Adopting softer stance, Kazakhstan allows small-scale protests

Adopting softer stance, Kazakhstan allows small-scale protests

Kazakhstan’s government allowed pro-democracy youth activists to hold small-scale public rallies demanding constitutional reform on Friday, signalling more tolerance for its critics.

Public protests are effectively illegal in the Central Asian nation, and police have routinely dispersed those that have taken place. But state security agencies seem to be adopting a softer approach since Kassym-Jomart Tokayev took over as president from veteran leader Nursultan Nazarbayev in March.

Activists of the recently established Oyan, Qazaqstan — Wake up, Kazakhstan — a movement mostly made up of Kazakhs in their teens and twenties, held small-scale rallies in several Kazakh cities on Friday to mark the Constitution Day.
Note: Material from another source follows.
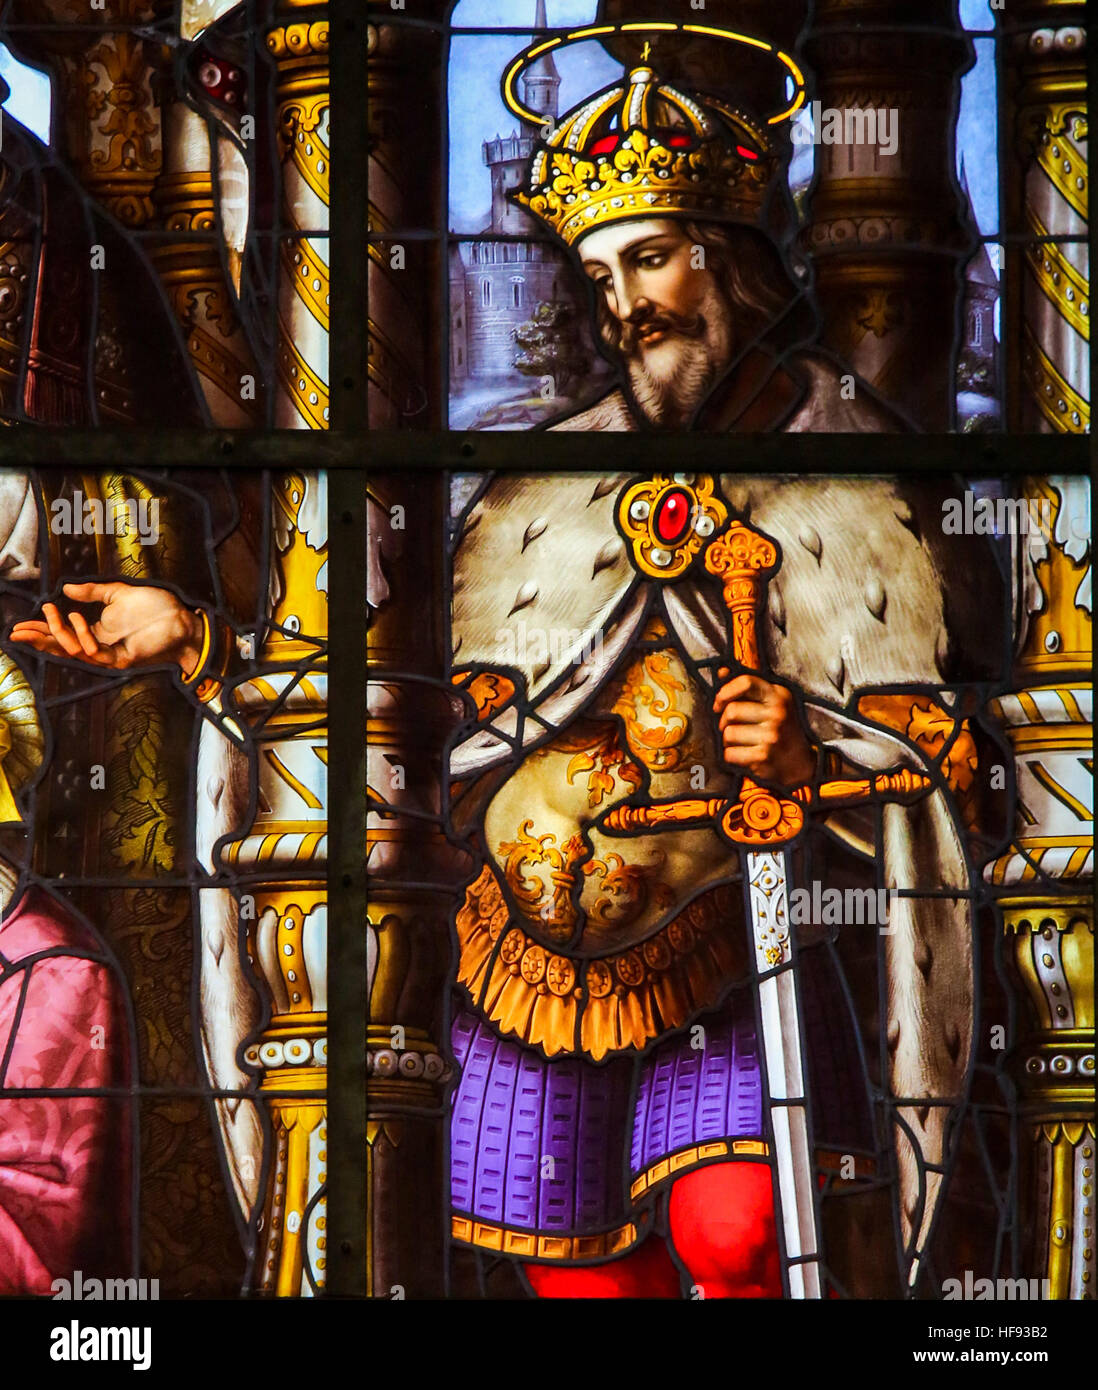 Vidriera representando a San Luis (rey Luis IX de Francia), en la Iglesia de San Nicolás en Gante, Bélgica Foto de stock
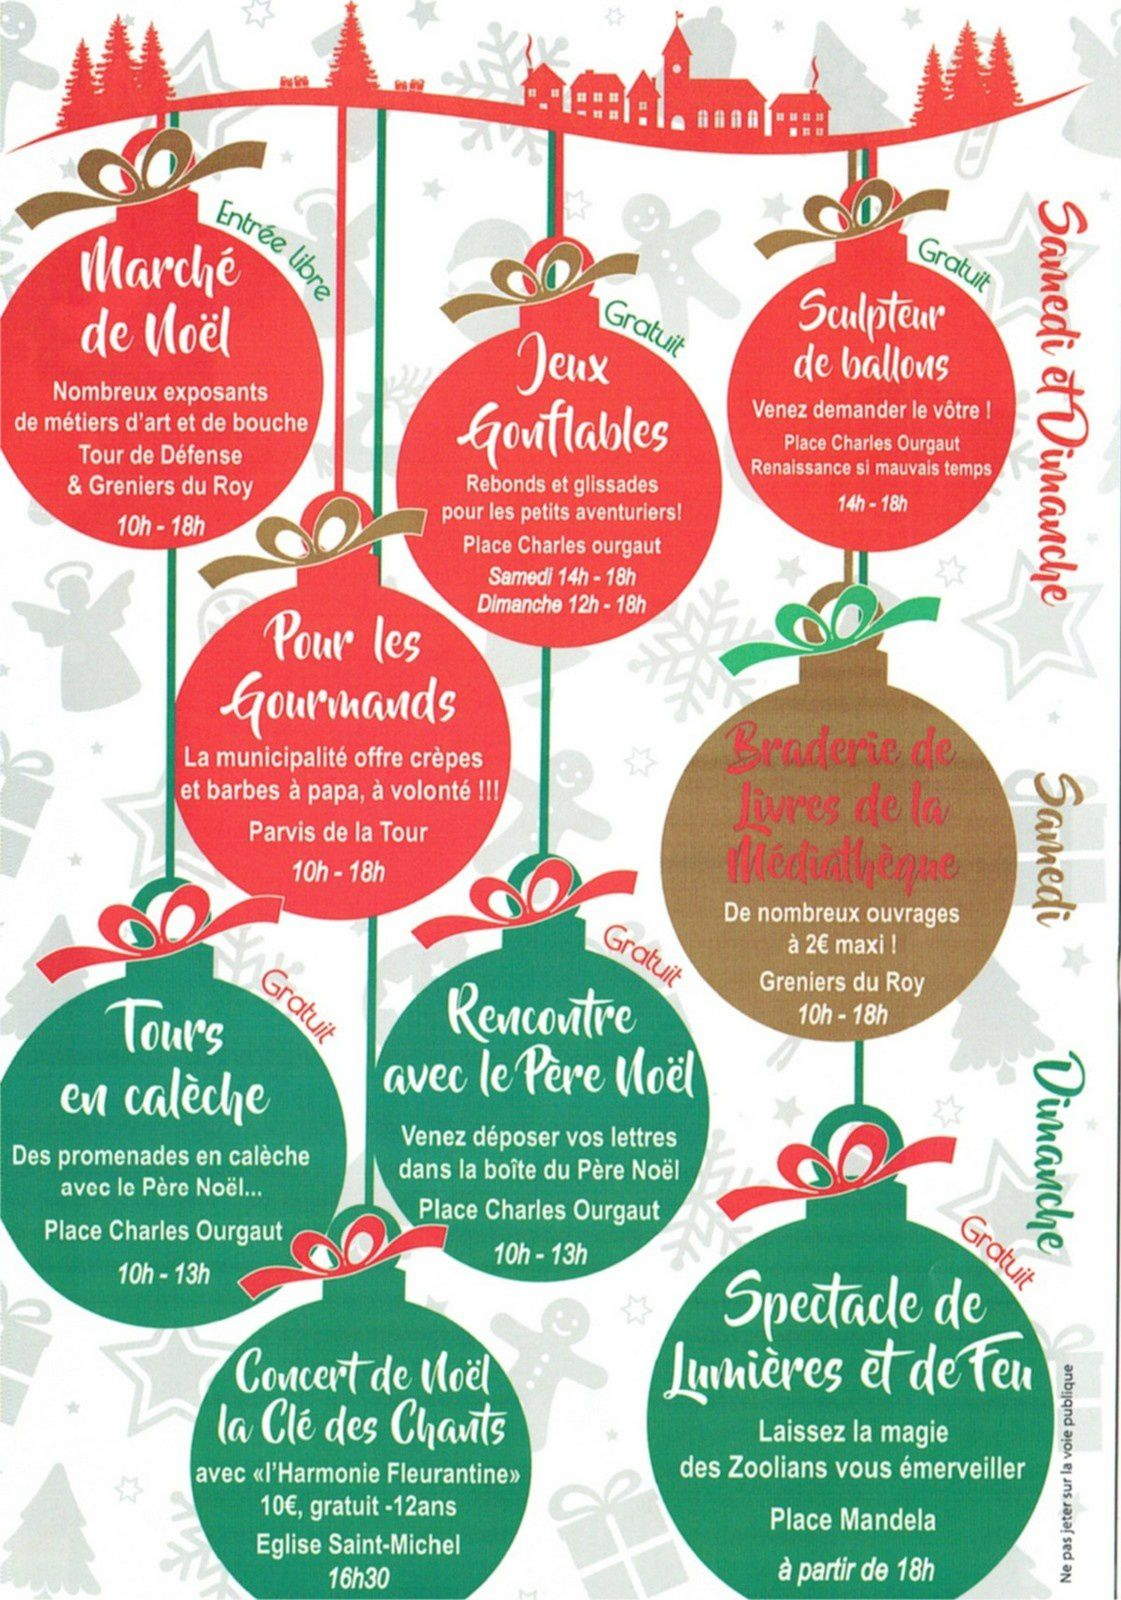 Festivités de Noël à Villemur

In Almaty, the former Soviet republic’s biggest city, some two dozen activists marched through a central street demanding constitutional reforms and a switch to a parliamentary republic. Some carried banners quoting the articles of the constitution, which bar censorship and protect freedom of assembly.

Unusually for such rallies, police made no attempts to detain them or interfere with the march, although some activists had complained earlier about being summoned by police and warned against participating in the rally.

The Oyan, Qazaqstan movement has emerged since Nazarbayev abruptly resigned in March, after running the oil-rich nation for almost three decades. The 79-year-old Nazarbayev endorsed his ally Tokayev, 66, as his successor, but retained sweeping powers as head of the security council and leader of the ruling Nur Otan party.

Tokayev has pledged policy continuity, but he also invited some of prominent government critics to discuss future reforms at a special council and has shown greater lenience towards dissident groups such as Oyan, Qazaqstan.

The group has become prominent for its creative approach to protest,- from hanging a banner that read “You can’t run away from the truth” along the path of a government-sponsored marathon to standing in square with an empty banner. Police arrested the lone protester anyway.